Thursday's opening of the state high-school basketball finals at Bank of the Ozarks Arena was the seventh-best attendance since the championships began in 1993, Steve Arrison, CEO of Visit Hot Springs, said Friday.

Thursday's opening-day attendance was basically flat compared to last year, Arrison said, with 12,968 fans this year compared to 13,093 in 2015, a decrease of only 125.

"We had HOSA in, too, which is the Health Occupational Students of America Conference," which ended Friday, Arrison said, adding to the number of visitors in town.

"There's not a hotel room to be had in town this weekend," he said.

Bank of the Ozarks Arena isn't the only basketball venue in Garland County seeing the benefit of the state championships.

Lake Hamilton Wolf Arena and the old Lake Hamilton High School gym have been the "home away from home" to many of the basketball teams that are playing in the Arkansas Activities Association's state basketball championships, Brian Bridges, the Lake Hamilton School District's communications coordinator, said Friday.

"We have opened up our arena and our old high school gym to teams over the past two weeks during state tournament and state finals week," Bridges said.

Teams from Bentonville, Cabot, Hector, Kirby, Watson Chapel, Pine Bluff, Jonesboro, Emerson, and Maumelle, "to name a few," have been at Lake Hamilton to practice while in town for the tournaments and championships.

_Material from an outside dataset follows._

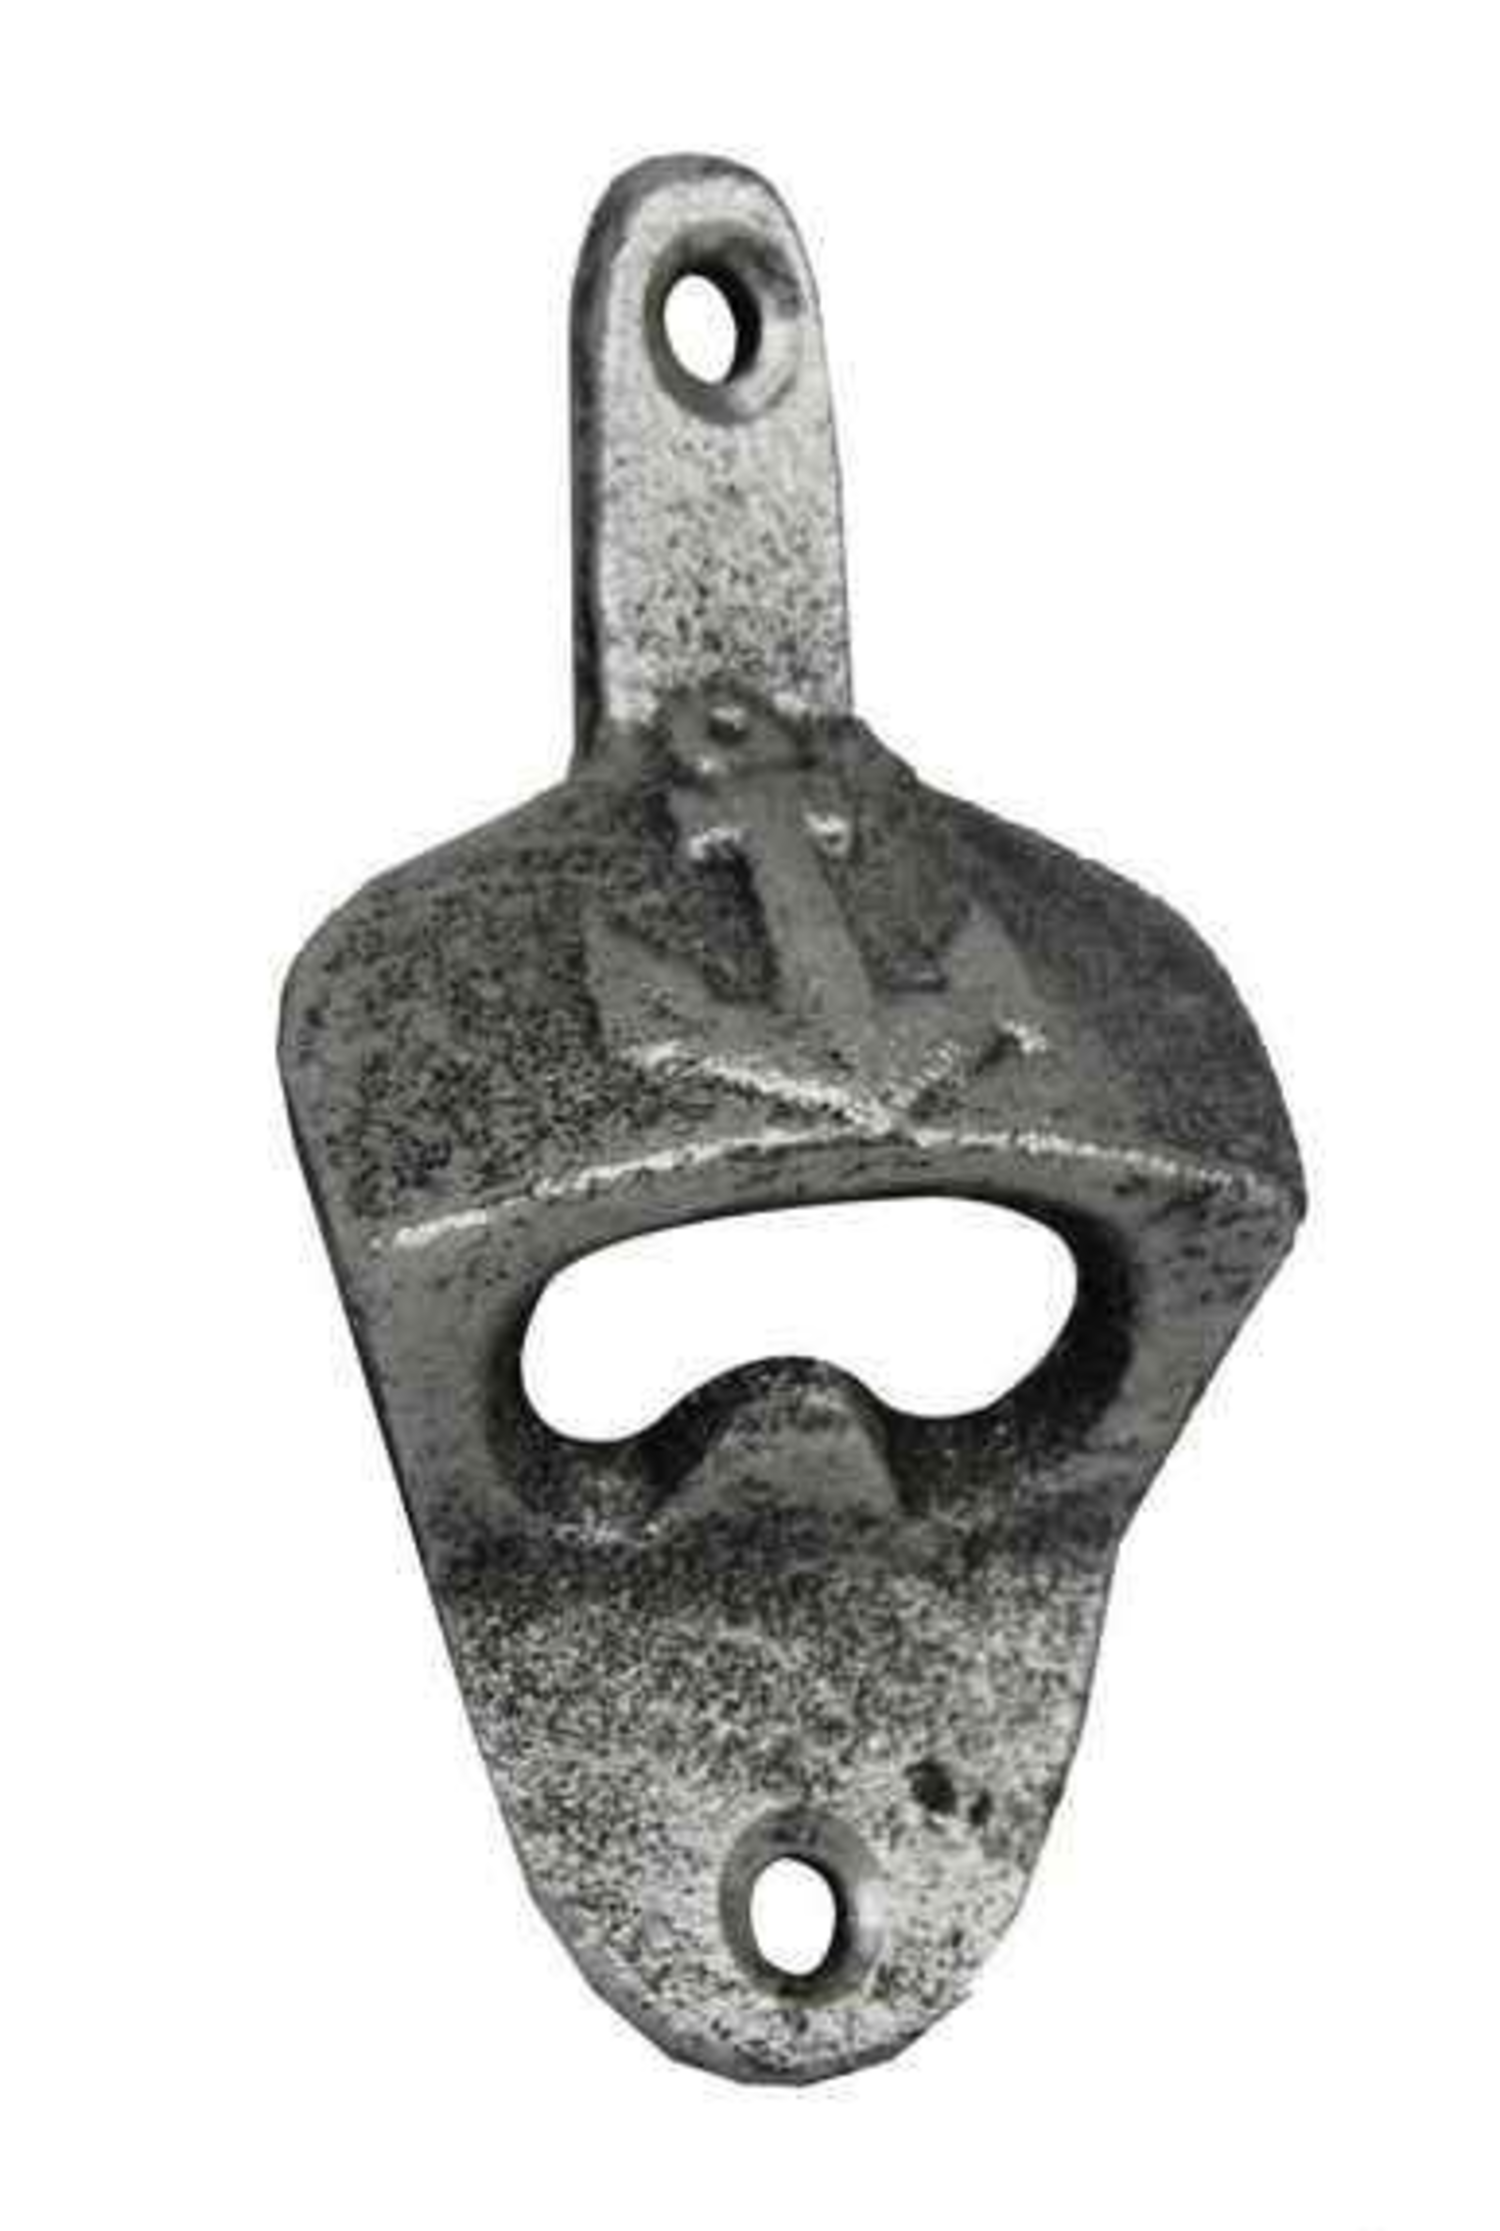 https://cdn.shoplightspeed.com/shops/610628/files/54754744/1500x4000x3/antique-silver-cast-iron-wall-mounted-anchor-bottl.jpg

"Lake Hamilton has been blessed with such great facilities, we are more than happy to share those with schools who are visiting our area," Bridges said.

Visit Hot Springs has had to make some shifts this year with the closure of the former Austin Hotel Convention Hotel and Spa, now The Hotel Hot Springs & Spa, due to a major renovation under a new owner.

"We had to move the state basketball teams to some other downtown hotels," Arrison said. "We had to move over 180 rooms."

To get to Hot Springs, the teams and their fans have also had to deal with heavy rainfall, which has led to severe flooding in parts of the state, especially in southeastern Arkansas, but Arrison said it apparently hasn't affected attendance much.

"If your child is playing for a state championship, I think people travel through snowstorms -- they're like the U.S. Postal Service. They're going to watch their kids play," he said.